Melanie Rylander, MD, Behavioral Health Medical Director for the Colorado Community Health Alliance (CCHA) and another speaker on the panel, discussed how CCHA developed a mobile app to address the increasing issue of isolation and loneliness for its members. The technology platform keeps them virtually connected to care staff and resources for both behavioral health and social support. 

CCHA is the first Medicaid managed care plan in the state to incorporate such a tool in its care delivery and has registered 350 members on the app since May of this year. The preliminary data from the program show that 55% of users screened as lonely, with the loneliest age group being those 55 years and older. Between the preliminary assessment and post-engagement follow-up, CCHA saw a 21% reduction in loneliness scores with 85% of those who experienced improvement expressing the importance of having human contact. Over 80% of users reported satisfaction with using the app and felt more connected as a result. 

“People oftentimes are not coming to us with traditional medical problems,” Rylander said. “They’re coming to us with dissatisfaction in life. And that may or may not be because of medical problems. But historically we have tried to use medical solutions to solve these problems and the outcomes have been less than equitable.”

Providers on the panel pointed to the importance of adopting reforms that promote utilization of flexible payment models and expand coverage for behavioral health services and programs not billable through traditional fee-for-service systems.

BHA has been actively engaged with community members and stakeholders in developing its Behavioral Health Administration Service Organizations (BHASO), which will consolidate substance use disorder treatment, crisis management, and mental health services under the administration’s statewide regional entities. 

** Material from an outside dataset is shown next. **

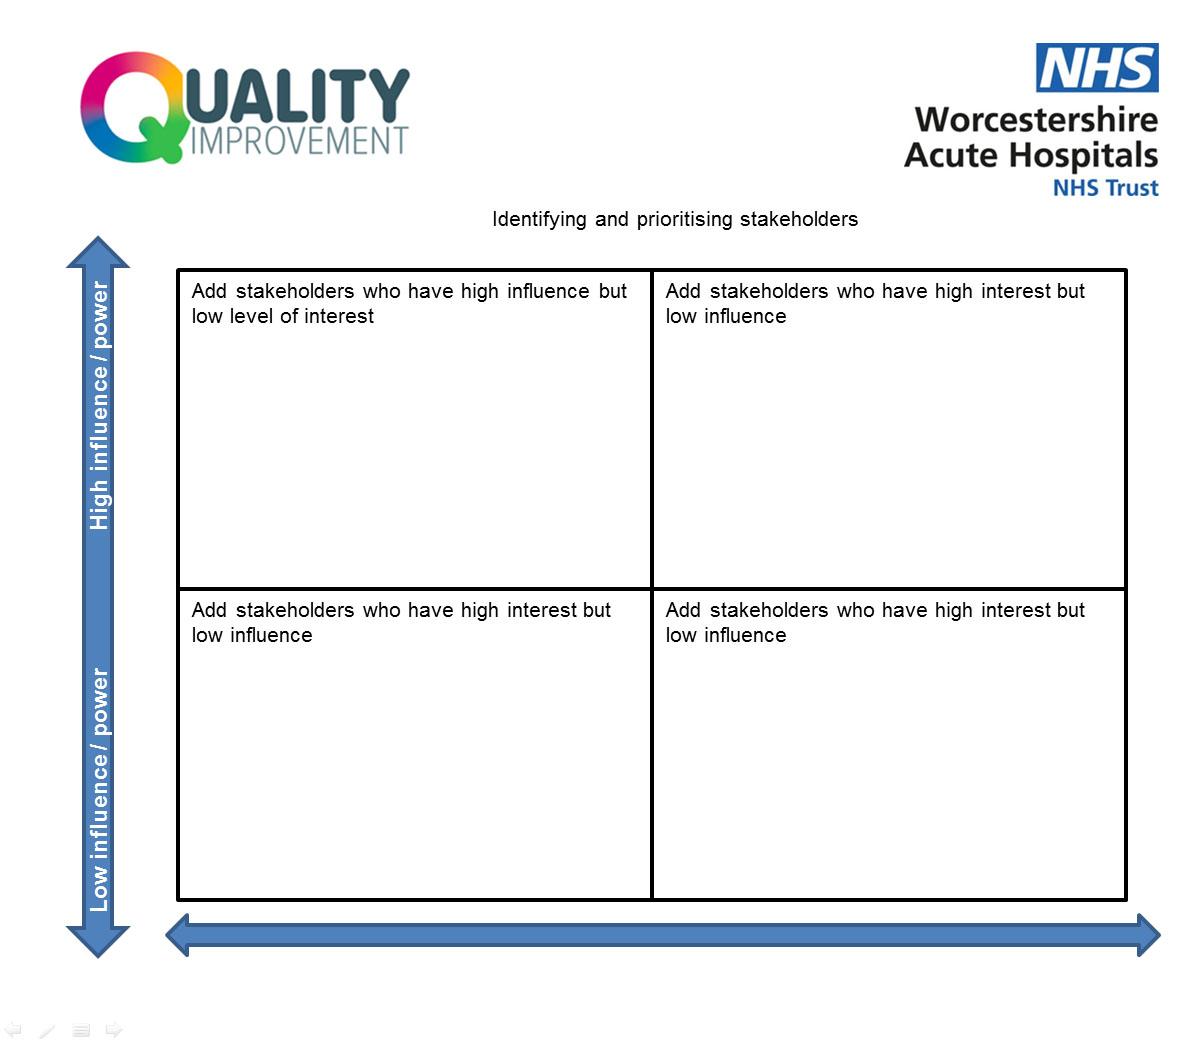 Quality Improvement Tools Worcestershire Acute Hospitals Nhs Trust

Scheduled to roll out in summer 2024, BHASOs will provide a continuum of behavioral health safety net services and care coordination for Medicaid members.

“We’re getting to roll out close to $150 million in grants that communities can use to adjust the gaps to help support the crisis system, to put those services in place so that people have access to after-services sooner before they have to go to the hospital or have interactions that involve the criminal justice system,” Gathercole said. “And there’s an opportunity there to really make sure that we are addressing the middle … that we are figuring out what works for the different communities across the state.”